One of this writer’s favourites is A Piper Prepares, where the speaker intimately describes the uileann piper’s preamble. It is a tantalisingly visual poem with so much anticipation in the opening lines that the reader hopes the preamble goes on: It’s almost like shooting up; a captivating ritual / as the belt is looped around the forearm; the buckle/ notched, blowpipe joined to leather bag; a shard/ of cloth, folded between elbow and rib for comfort.

Mullineaux has the speaker in this poem watch the piper assemble the instrument and describe it in slow motion detail. ‘Drones are attached like pistol silencers, regulators poised,’ and while acknowledging the tune of the same name, ‘the piper’s apron,’ he remarks on the leather patch across the lap which provides ‘protection from the crazed jabs of the chanter, / its manic hypodermic dance.’ As the tune begins, ‘a primal hum vibrates,’ and ‘a gasp/ for air as the bellows fill and suddenly there’s life/ in the lungs and wind in the reeds...’

‘The Five Mile Chase,’ is a tribute to Patrick Street. Traditional musicians Andy Irvine, John Carty, Kevin Burke and Jed Foley have their individual stage movements noted and matched to rhythm, playing styles and character nuances. ‘A tilt of the chin for the pigeon on the gate/ a bend in the waist for the stack of wheat/ a wink in the eye for the blue eyed rascal/ a slip in the hip for a trip up the stairs.’ It’s a twelve line piece that could be sung in jig time. Hup! 

Mullineaux uses a coupling motif throughout the collection. In ‘The Lads of Leitrim,’ an accordion and a flute player meet up regularly to play a session in a snug in Manorhamilton. The poet compares their ease and joy in the music to a long standing marriage. ‘Could there be a love closer to their hearts/ than this – something to cherish for a lifetime -/ never to part, for better or worse/ in sickness and in health.’ As they launch into the Fermoy Lasses, he declares ‘these fellas are wedded to the music.’

Another couple, Paddy Canny and Frankie Gavin, have their musical communion told with slow lyrical ease in ‘Cave Music II.’ Canny, ‘the elder statesman has eyelids drawn / tight like a mole,’ while the younger Frankie, ‘allows the older man the lead, follows the set tone/ finding his own empathetic touch.’ 

Mullineaux provides the snapshot, watching the young Gavin who could have closed his eyes, but chose not to. Gavin, who was ‘a generation apart’ at the time, kept watch of the older man, ‘aware how much this moment must be fixed, / treasured deep in his own vaults.’ 

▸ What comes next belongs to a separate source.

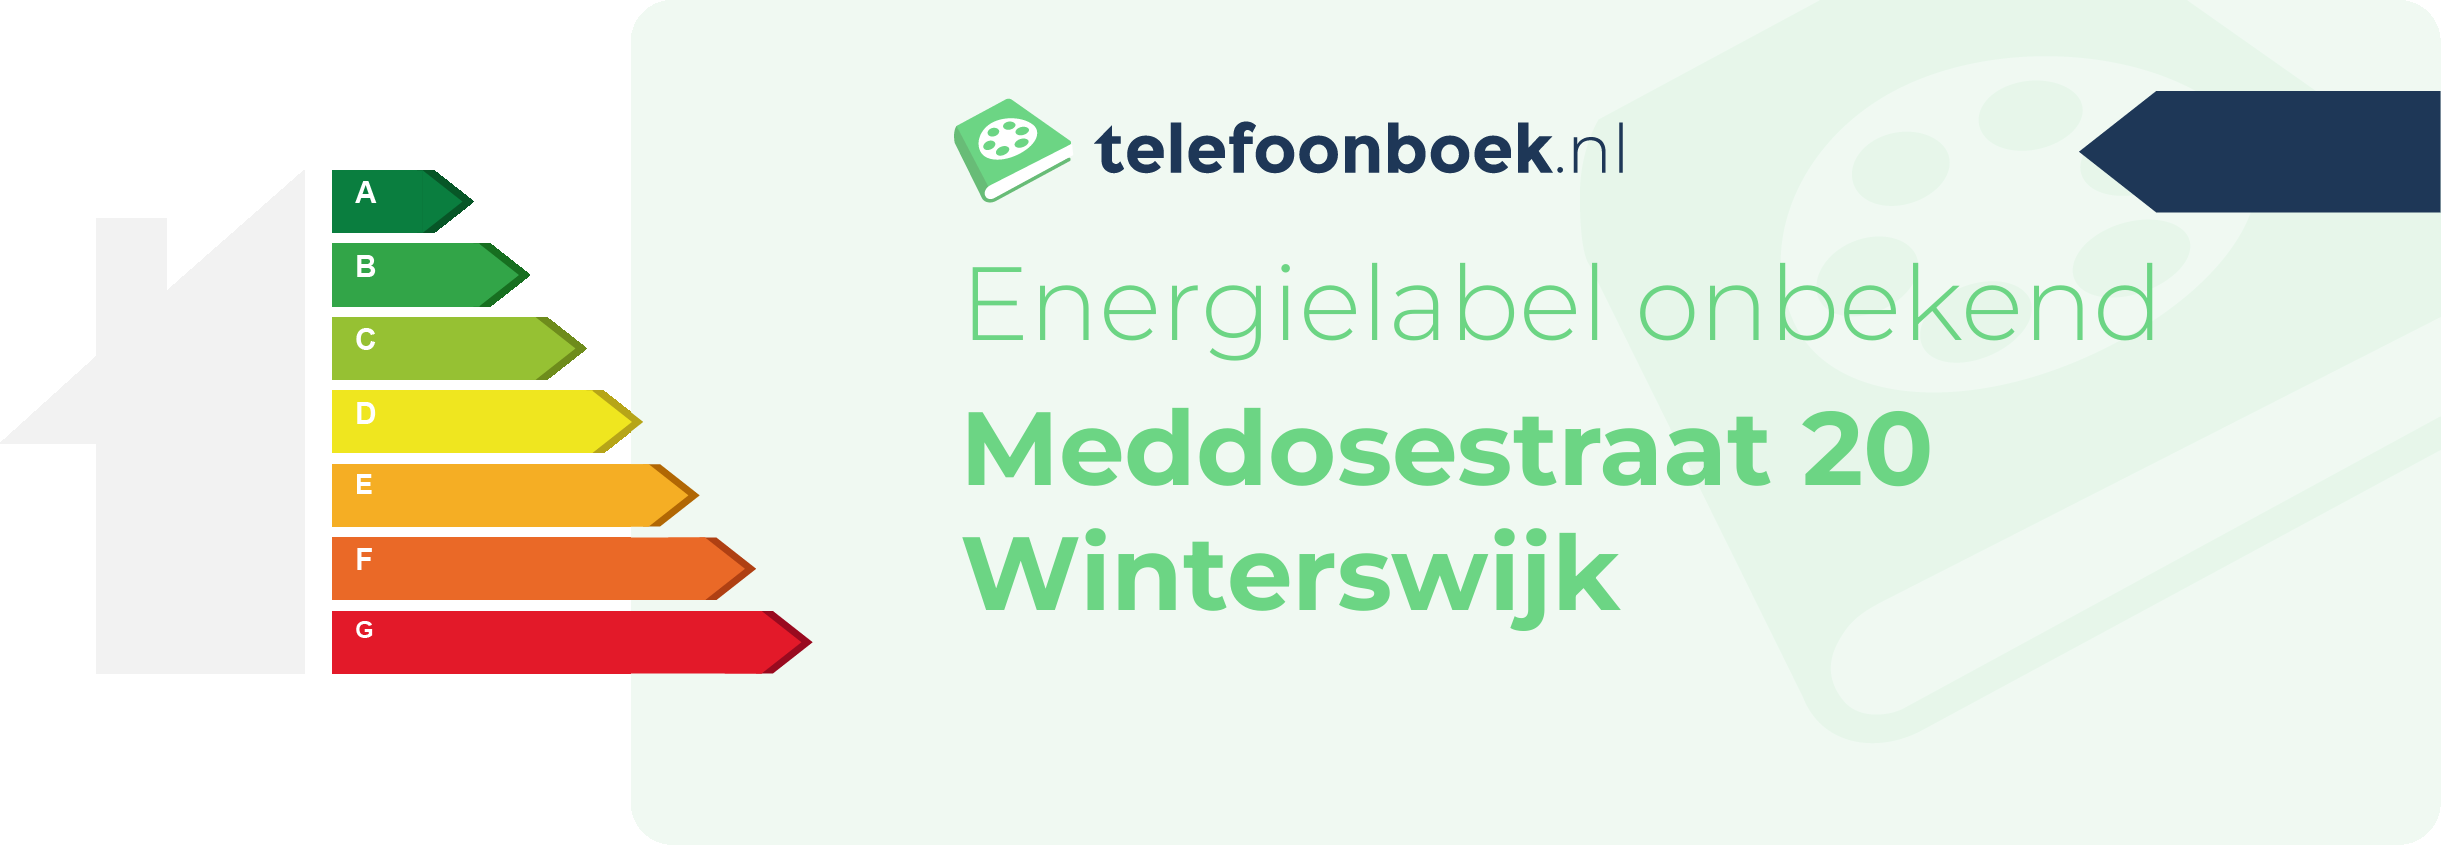 Energielabel Meddosestraat 20 Winterswijk

Watching Dermot Byrne and Floriane Blancke’s playing compelled the poet to write ‘Tabhair Dom Do Lámh.’ Byrne’s accordion sits ‘like a sleeping child in his lap,’ and Blancke ‘leans forward, the harp/against her cheek, listening/ for a heartbeat...’ The poem moves swiftly from the womb analogy, to a child one, when Byrne ‘tickles and squeezes’ the accordion, and like an infant, growing with the pace and momentum of the tune, together, the duo, ‘fast forward, to courtship, / dancing, making crazy love / through music.’ 

This aptly titled collection, Session, by Pete Mullineaux is a gem. Encore, si’l vous plait? It is available from www.salmonpoetry.com, bookshops and music stores.